No pudo resistir su pena y salió de la casa de la _Demaná_, dispuesto
á volver inmediatamente al Palmar, aunque esto le costase reñir
con su abuelo. Cerca de la casa de los Infantes, donde estaba la
taberna, oyó que le llamaban. Era _Sangonera_. Tenía hambre y sed;
había rondado las mesas de los cazadores ricos sin alcanzar la más
insignificante piltrafa: todo se lo comían los barqueros.
Tonet pensó en ser sustituído por el vagabundo; pero el hijo del
lago se extrañó de que le propusieran tripular una barca, más aún
que si el vicario del Palmar le invitase á pronunciar la plática del
domingo. Él no servía para eso; además, no le gustaba perchar para
nadie. Ya conocía su pensamiento: el trabajo era cosa del demonio.
Pero Tonet, impaciente y angustiado, no estaba para oir las tonterías
de _Sangonera_. Nada de resistencias, ó le aliviaba el hambre y la
sed echándolo en el canal de una patada. Los amigos sirven para sacar
de un apuro á los amigos. ¡Bien sabía perchar en barquitos ajenos
cuando iba á meter sus uñas en las redes de los _redolíns_, robando
las anguilas!
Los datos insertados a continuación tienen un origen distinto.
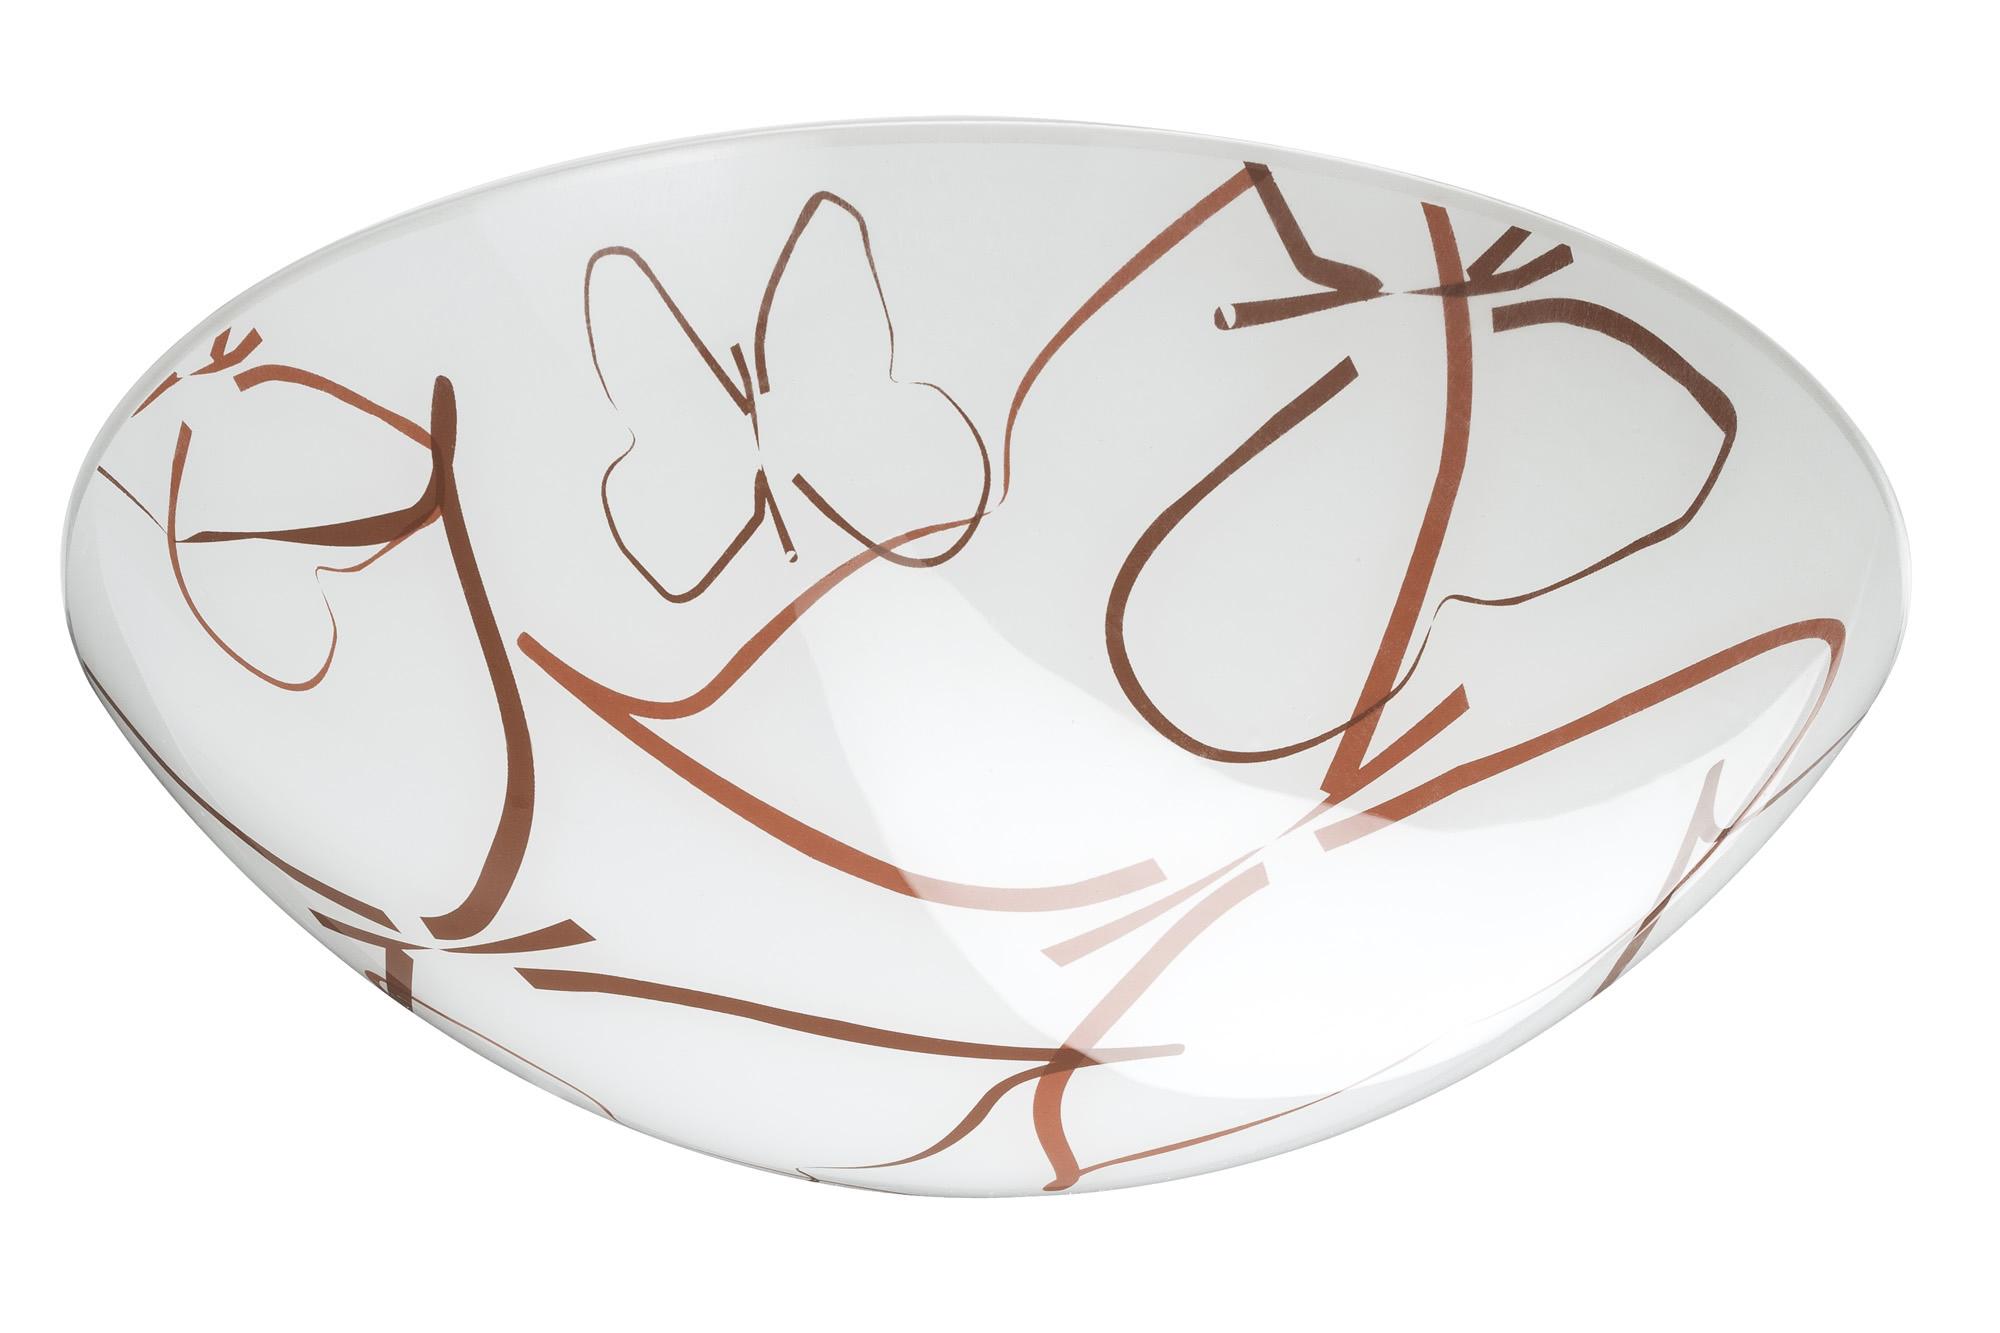 Paulmann. 70239 Плафон Circle Butterflies, стекло, 295 мм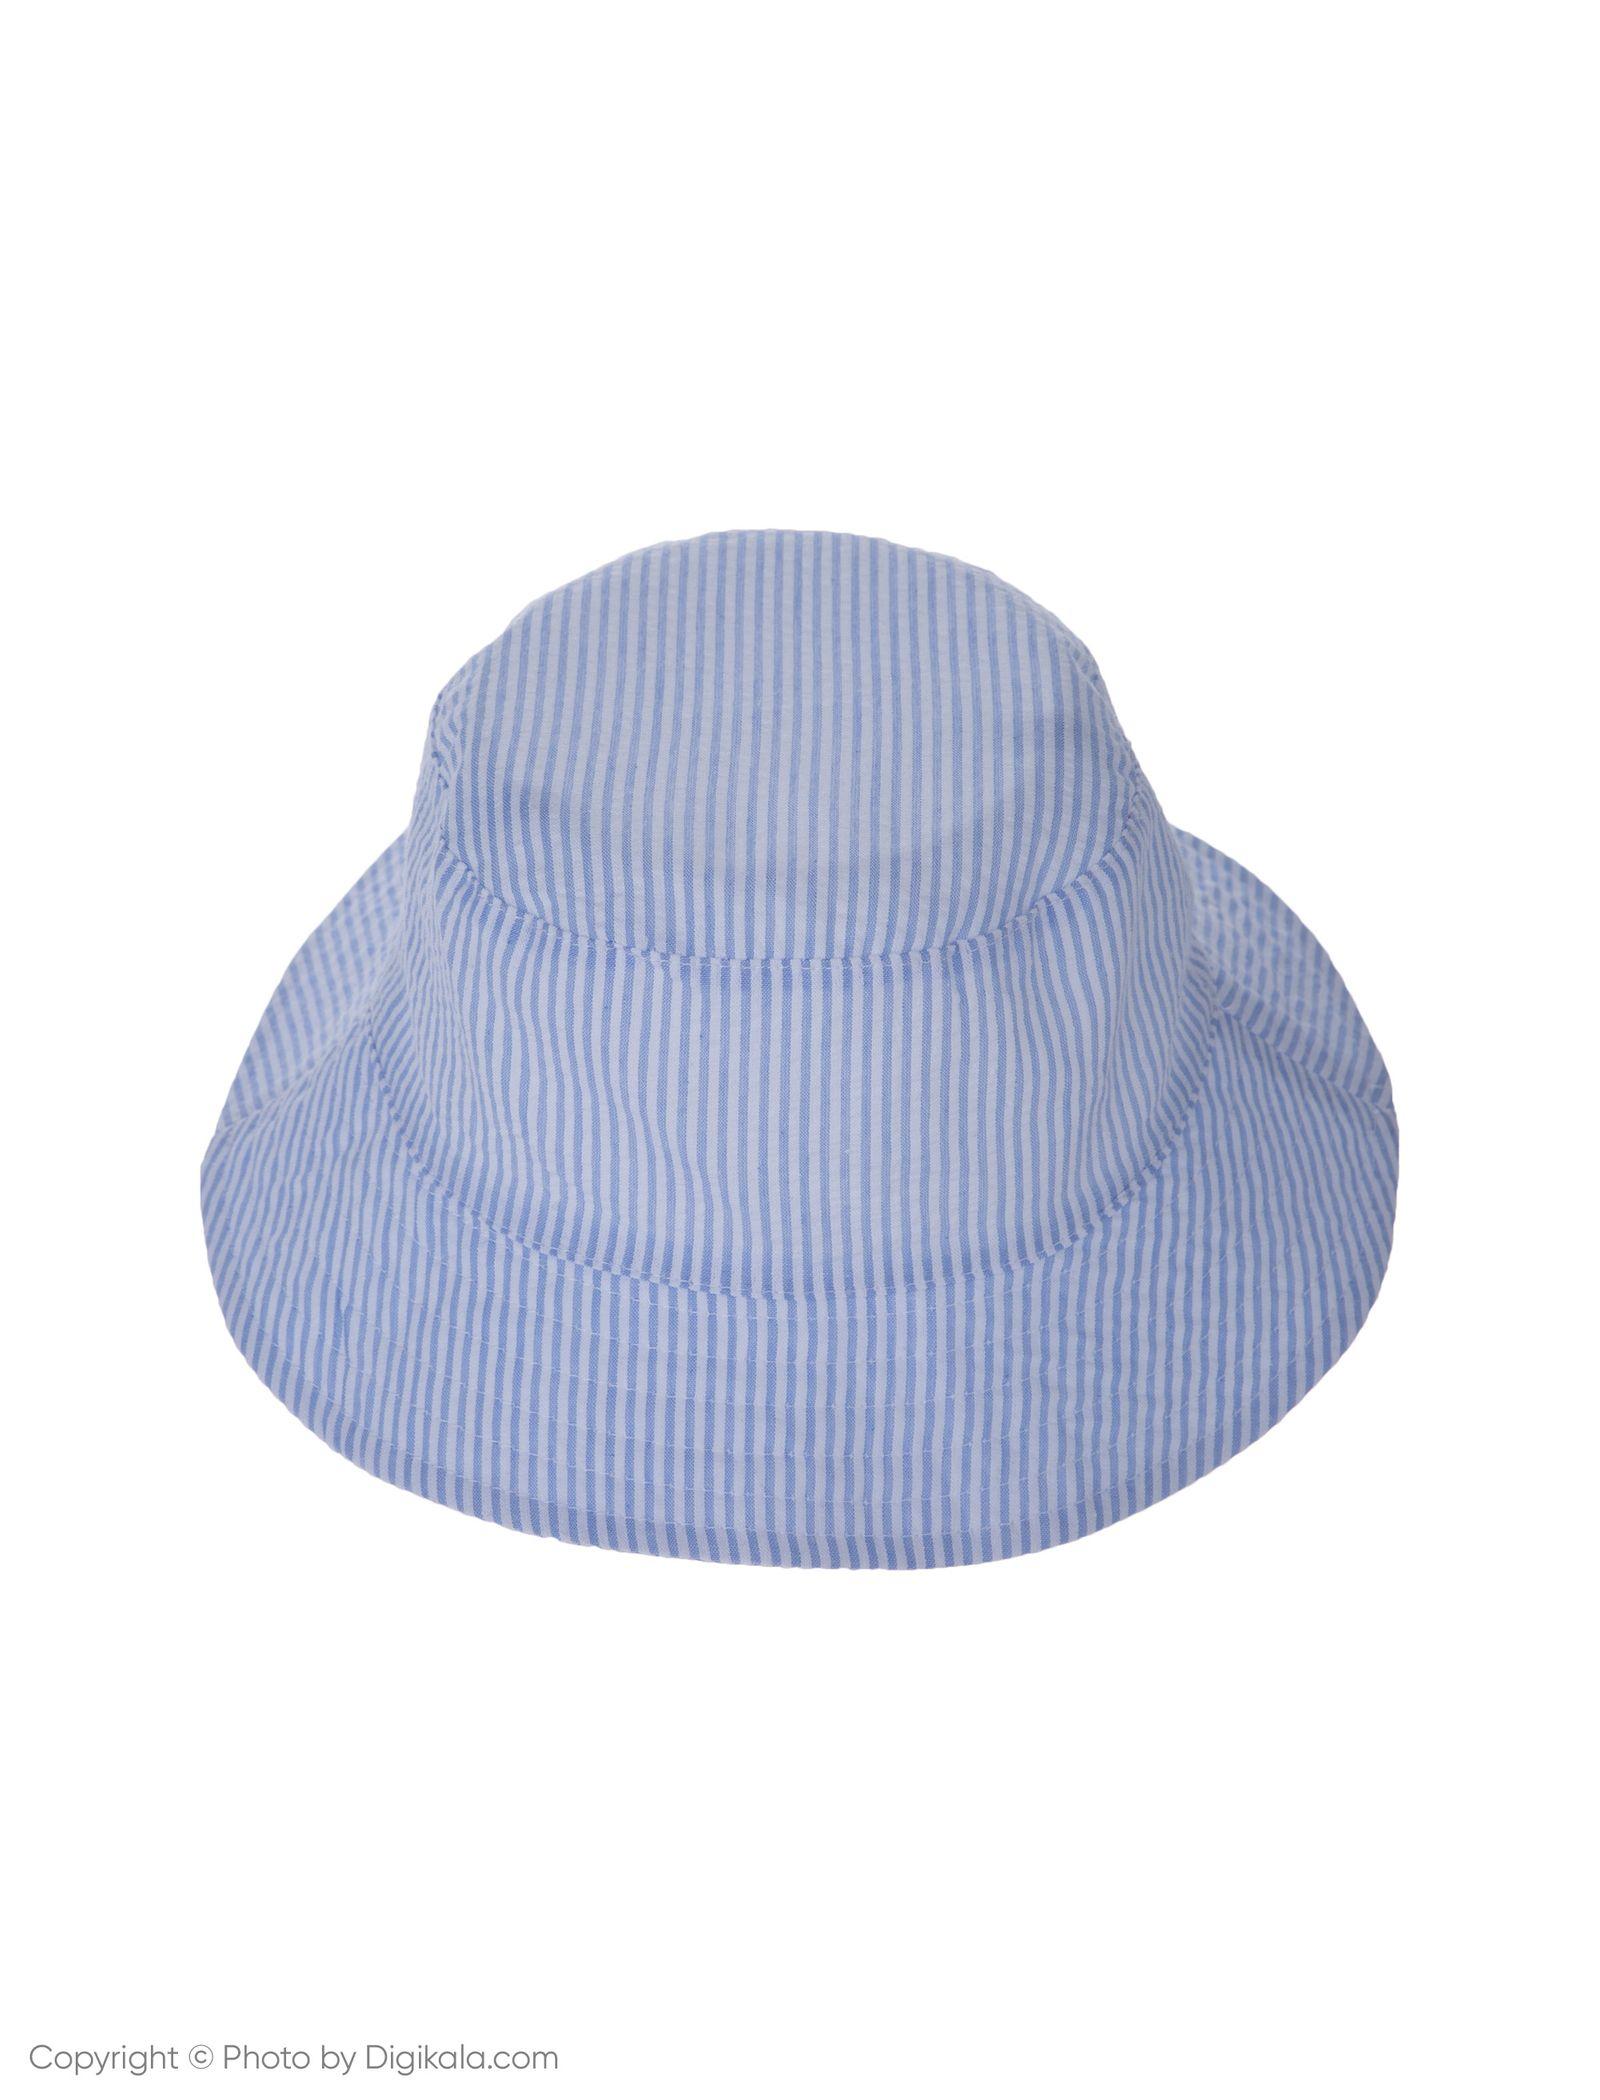 کلاه نخی ساحلی دخترانه - بلوکیدز - سفيد/آبي روشن - 3

Además, si tenía hambre, podía refocilarse como nunca
en el cargamento de provisiones que aquel señor traía de Valencia.
Al ver dudoso á _Sangonera_ por la esperanza de hartazgo, acabó
de decidirle con fuertes empujones, llevándolo hasta la barca del
cazador y explicándole cómo había de disponer todos los preparativos.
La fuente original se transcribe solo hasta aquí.